Records from a collection:
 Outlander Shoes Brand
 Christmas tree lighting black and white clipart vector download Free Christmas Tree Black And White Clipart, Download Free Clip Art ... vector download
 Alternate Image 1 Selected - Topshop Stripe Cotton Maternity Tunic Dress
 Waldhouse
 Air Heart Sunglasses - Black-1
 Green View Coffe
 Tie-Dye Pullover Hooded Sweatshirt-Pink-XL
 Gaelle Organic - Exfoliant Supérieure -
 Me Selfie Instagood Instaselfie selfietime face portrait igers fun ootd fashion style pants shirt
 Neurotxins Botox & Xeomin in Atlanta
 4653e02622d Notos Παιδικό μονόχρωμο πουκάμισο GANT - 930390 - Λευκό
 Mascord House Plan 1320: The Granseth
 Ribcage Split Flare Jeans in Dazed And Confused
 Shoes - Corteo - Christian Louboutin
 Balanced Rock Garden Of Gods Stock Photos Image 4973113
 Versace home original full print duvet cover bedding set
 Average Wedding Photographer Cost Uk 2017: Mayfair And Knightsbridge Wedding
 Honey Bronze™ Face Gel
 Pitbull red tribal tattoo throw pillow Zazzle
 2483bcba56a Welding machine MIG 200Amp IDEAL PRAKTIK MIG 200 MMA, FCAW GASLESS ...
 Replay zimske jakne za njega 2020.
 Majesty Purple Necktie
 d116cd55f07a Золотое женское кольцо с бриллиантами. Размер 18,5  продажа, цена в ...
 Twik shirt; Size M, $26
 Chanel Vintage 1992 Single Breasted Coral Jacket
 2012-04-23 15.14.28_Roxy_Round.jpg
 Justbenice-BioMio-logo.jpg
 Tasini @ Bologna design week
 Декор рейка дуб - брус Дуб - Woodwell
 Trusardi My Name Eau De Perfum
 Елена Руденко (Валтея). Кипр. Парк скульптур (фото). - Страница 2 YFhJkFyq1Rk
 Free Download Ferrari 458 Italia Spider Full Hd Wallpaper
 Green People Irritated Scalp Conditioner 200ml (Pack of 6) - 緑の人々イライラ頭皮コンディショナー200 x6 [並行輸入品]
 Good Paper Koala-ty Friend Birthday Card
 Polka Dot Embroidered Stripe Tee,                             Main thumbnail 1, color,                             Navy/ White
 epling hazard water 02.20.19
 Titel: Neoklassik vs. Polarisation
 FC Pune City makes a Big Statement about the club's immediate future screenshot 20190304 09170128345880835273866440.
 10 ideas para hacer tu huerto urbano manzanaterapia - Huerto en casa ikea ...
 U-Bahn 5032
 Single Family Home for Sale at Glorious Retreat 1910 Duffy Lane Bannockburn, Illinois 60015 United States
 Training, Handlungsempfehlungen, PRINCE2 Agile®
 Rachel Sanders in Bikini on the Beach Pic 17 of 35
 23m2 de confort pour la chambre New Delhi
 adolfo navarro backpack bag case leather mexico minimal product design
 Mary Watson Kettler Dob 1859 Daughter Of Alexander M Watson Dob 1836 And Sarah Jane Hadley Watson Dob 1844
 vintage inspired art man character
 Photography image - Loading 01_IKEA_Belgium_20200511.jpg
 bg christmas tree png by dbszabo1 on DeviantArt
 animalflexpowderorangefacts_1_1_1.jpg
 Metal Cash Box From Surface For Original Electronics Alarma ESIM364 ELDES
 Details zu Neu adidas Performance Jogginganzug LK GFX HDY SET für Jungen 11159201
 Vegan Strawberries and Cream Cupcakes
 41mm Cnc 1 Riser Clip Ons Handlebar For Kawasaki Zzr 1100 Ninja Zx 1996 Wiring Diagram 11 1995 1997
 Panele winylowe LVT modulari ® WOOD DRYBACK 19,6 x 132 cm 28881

## Exercise requirements
Give back, unchanged, the line containing "vintage inspired art man character" and each line that comes after it in the entries above, ending with the last.

## Output for this task
 vintage inspired art man character
 Photography image - Loading 01_IKEA_Belgium_20200511.jpg
 bg christmas tree png by dbszabo1 on DeviantArt
 animalflexpowderorangefacts_1_1_1.jpg
 Metal Cash Box From Surface For Original Electronics Alarma ESIM364 ELDES
 Details zu Neu adidas Performance Jogginganzug LK GFX HDY SET für Jungen 11159201
 Vegan Strawberries and Cream Cupcakes
 41mm Cnc 1 Riser Clip Ons Handlebar For Kawasaki Zzr 1100 Ninja Zx 1996 Wiring Diagram 11 1995 1997
 Panele winylowe LVT modulari ® WOOD DRYBACK 19,6 x 132 cm 28881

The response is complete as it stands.